## PROBLEM DETAILS
Print only what runs from the line that includes "Some of the" to the end of the listing, word for word, and do not include any pictures.

## RAW DATA
• • •

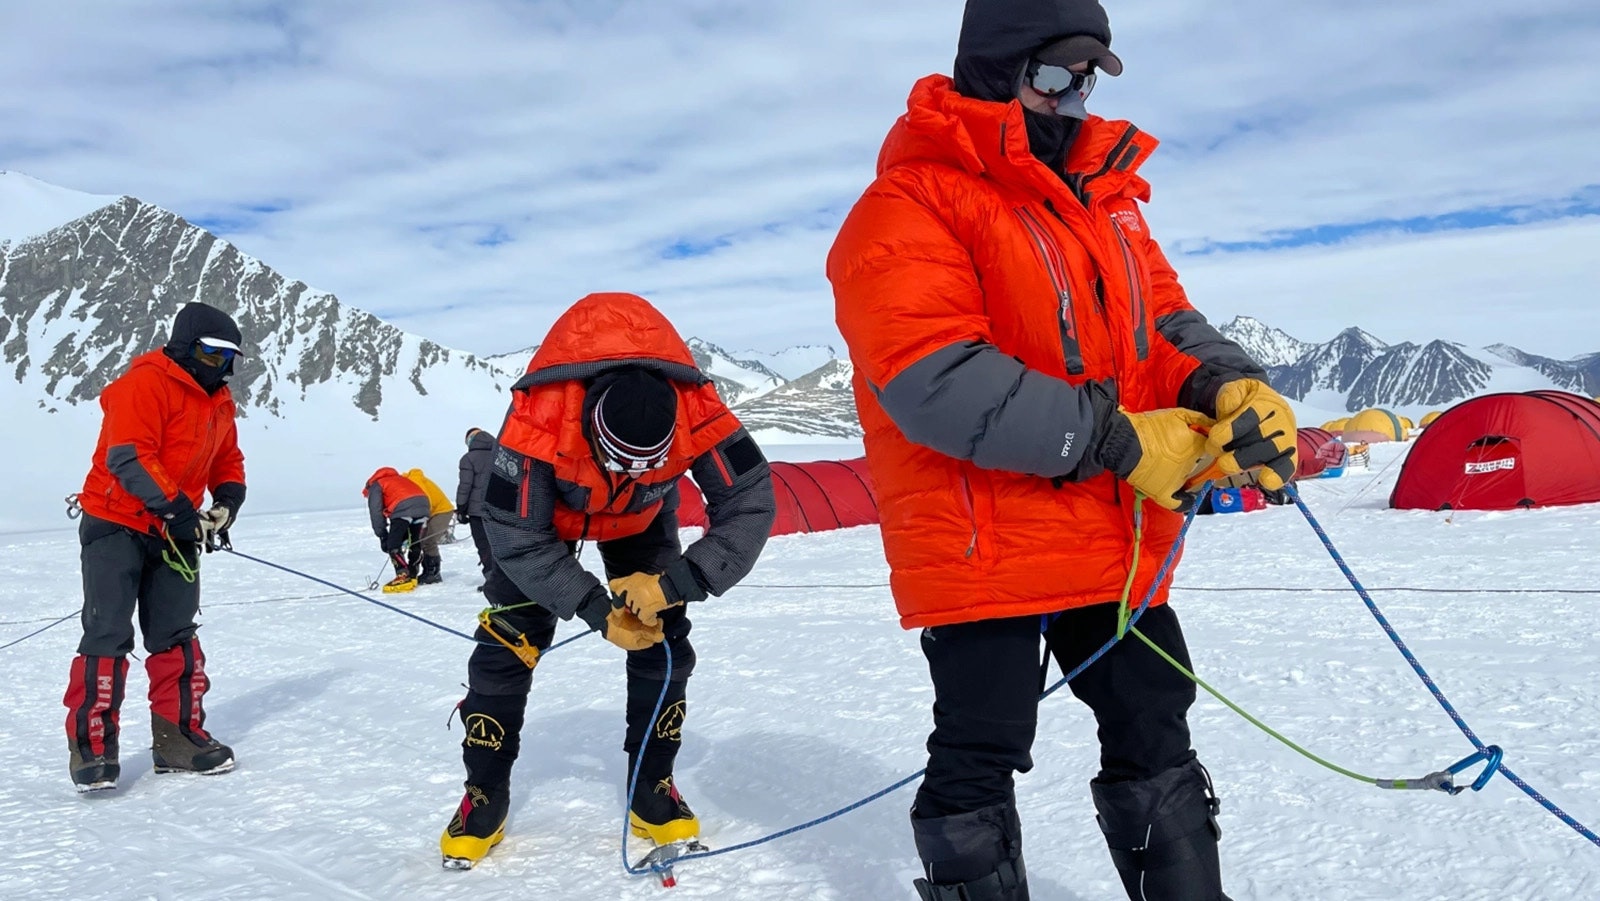 The team practices techniques while waiting for weather to clear enough to fly to the base camp for their attempt to summit Mount Vinson.
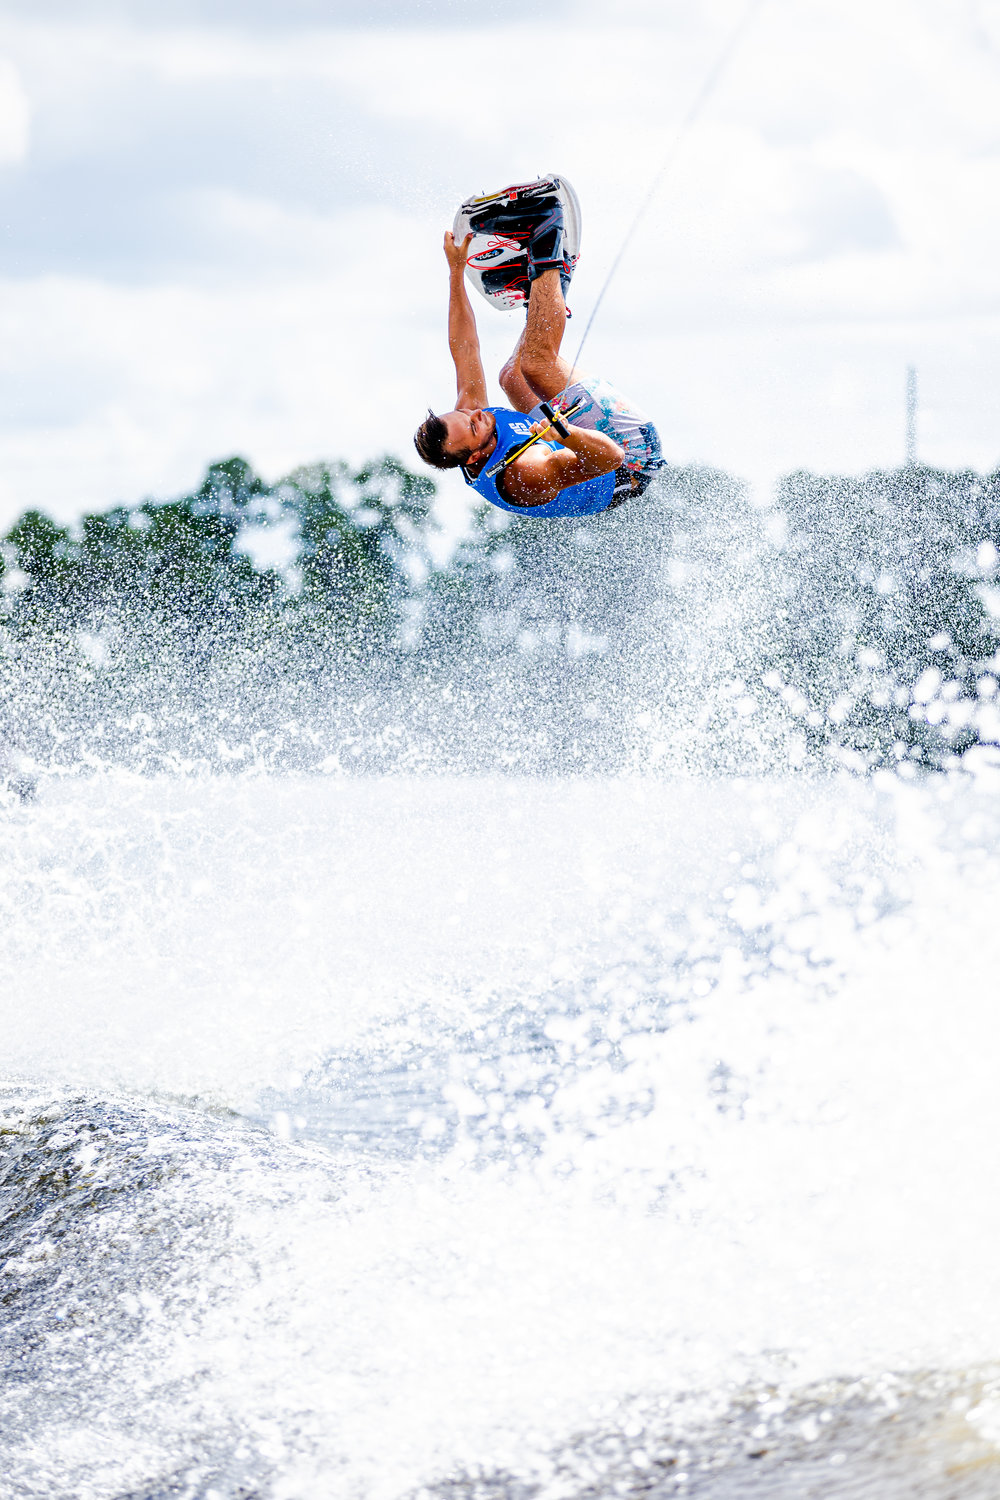 Some of the world’s most talented wakeboarders and wakesurfers come to Katy on Saturday, June 12, to compete at the Pro Wakeboard, Pro Wakesurf and Junior Pro Wakeboard tours. The circuit will take place on August Lakes, Katy’s 100-plus acre watersports community facility located at 3707 Pitts Road.
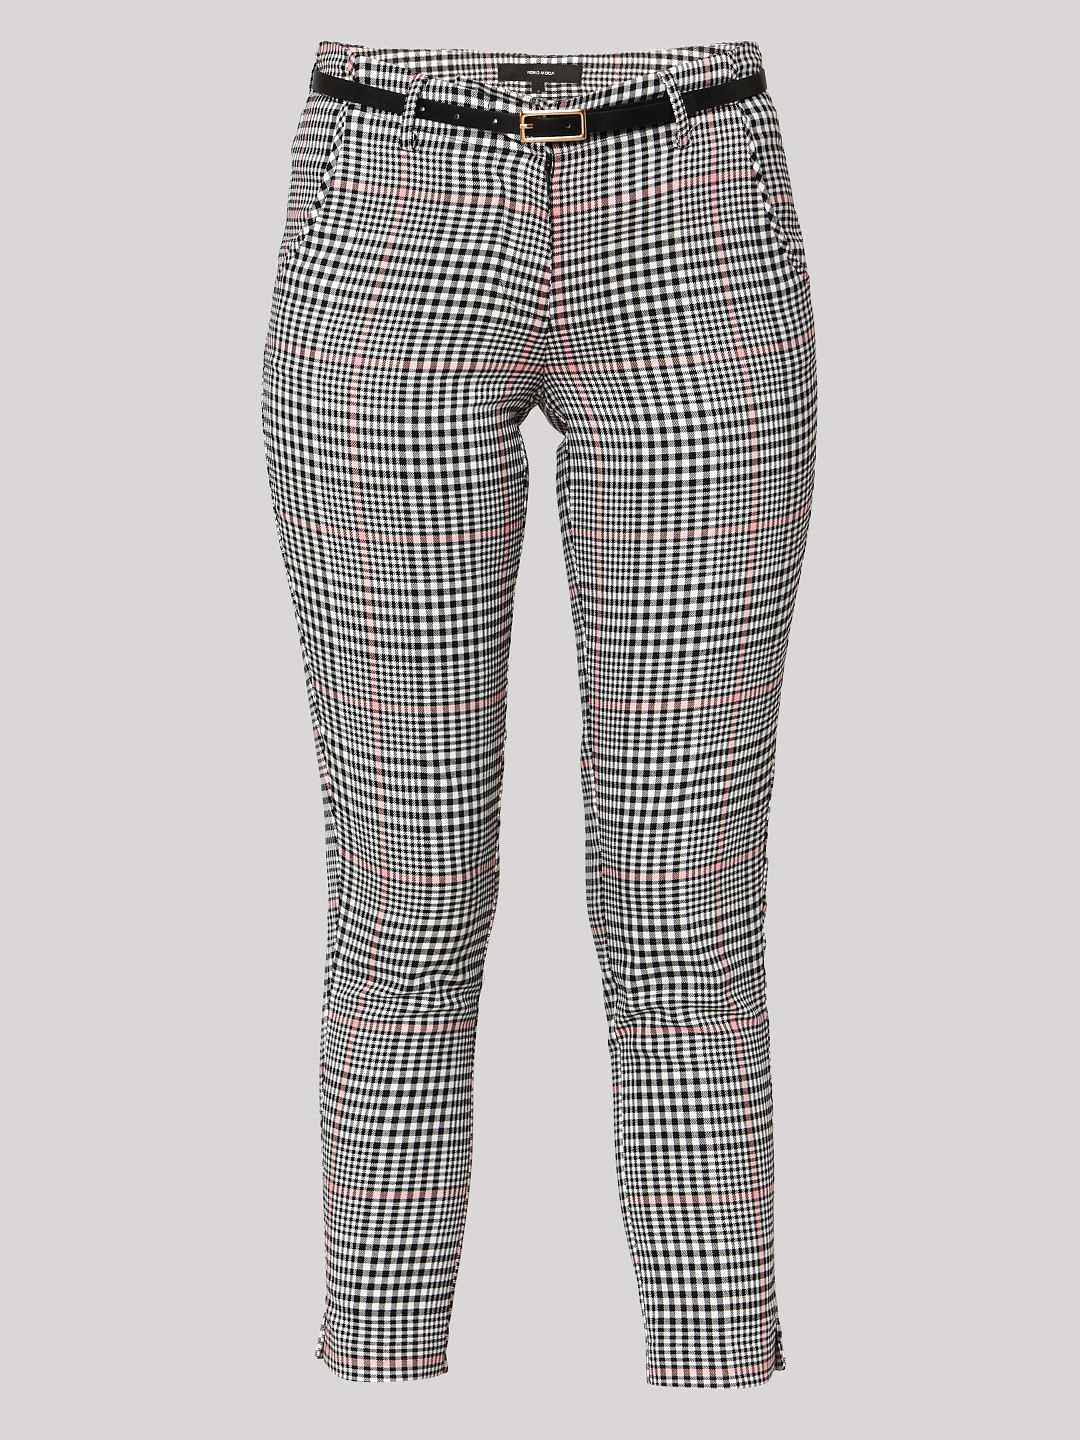 Black and White Gingham Pants  Trouser Pants  High Waisted Pant  Lulus

• • •

## ANSWER SPACE
 Some of the world’s most talented wakeboarders and wakesurfers come to Katy on Saturday, June 12, to compete at the Pro Wakeboard, Pro Wakesurf and Junior Pro Wakeboard tours. The circuit will take place on August Lakes, Katy’s 100-plus acre watersports community facility located at 3707 Pitts Road.
 Black and White Gingham Pants  Trouser Pants  High Waisted Pant  Lulus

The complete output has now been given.